Rattanarithikul et al. 2006: 1-128 (F*,L*; bionomics, distribution, keys)
Sinka et al. 2011: 89 (bionomics review, distr., niche model)
Saeung et al. 2014: 973-981 (E*)

Synonyms:

Distribution:
Cambodia, China, Hong Kong, India, Indonesia, Japan, Korea; South, Macau, Malaysia, Myanmar (Burma), Nepal, Russia, Singapore, Taiwan, Thailand, Timor, Vietnam

Bionomics:
Larvae are found in shallow habitats, fresh water usually with emergent vegetation and exposed to direct sunlight. They are characteristic of open agricultural lands (chiefly rice fields). They have also been collected in ground pools, pools beside a river, marshes, stream margins, ditches, seepages, shallow ponds, and sumps.
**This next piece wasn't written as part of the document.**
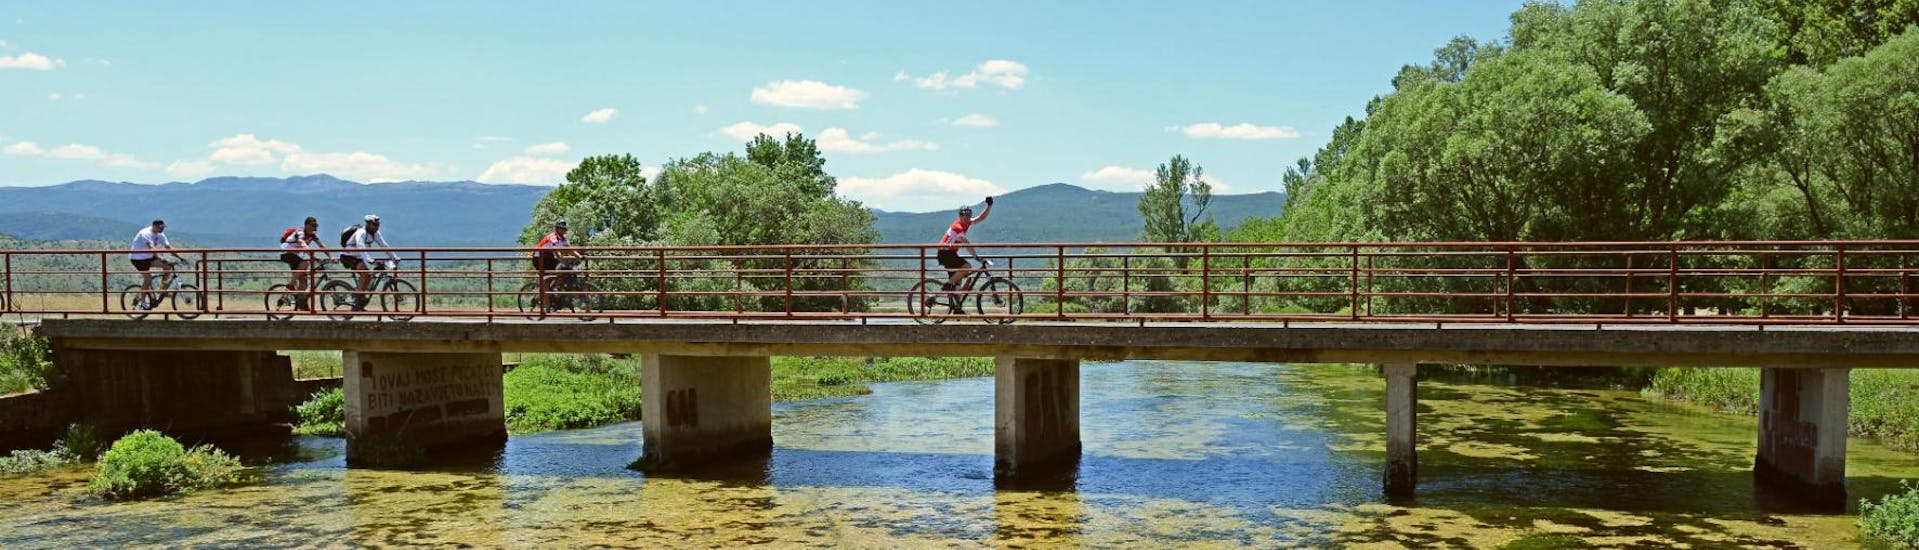 Pendant l'excursion en vélo VTT à Cetina à partir de Sinj, les cyclistes traversent un pont sous la conduite d'un guide certifié de l'hôtel Alkar.

In mountainous areas they are confined to the valleys. Females are zoophilic but rarely bite humans. Females are exophilic and are rarely taken in indoor resting collections (Harrison and Scanlon 1975).

Medical Importance:
Vector of Brugia malayi and secondary vector of malaria in China (Harrison and Scanlon 1975).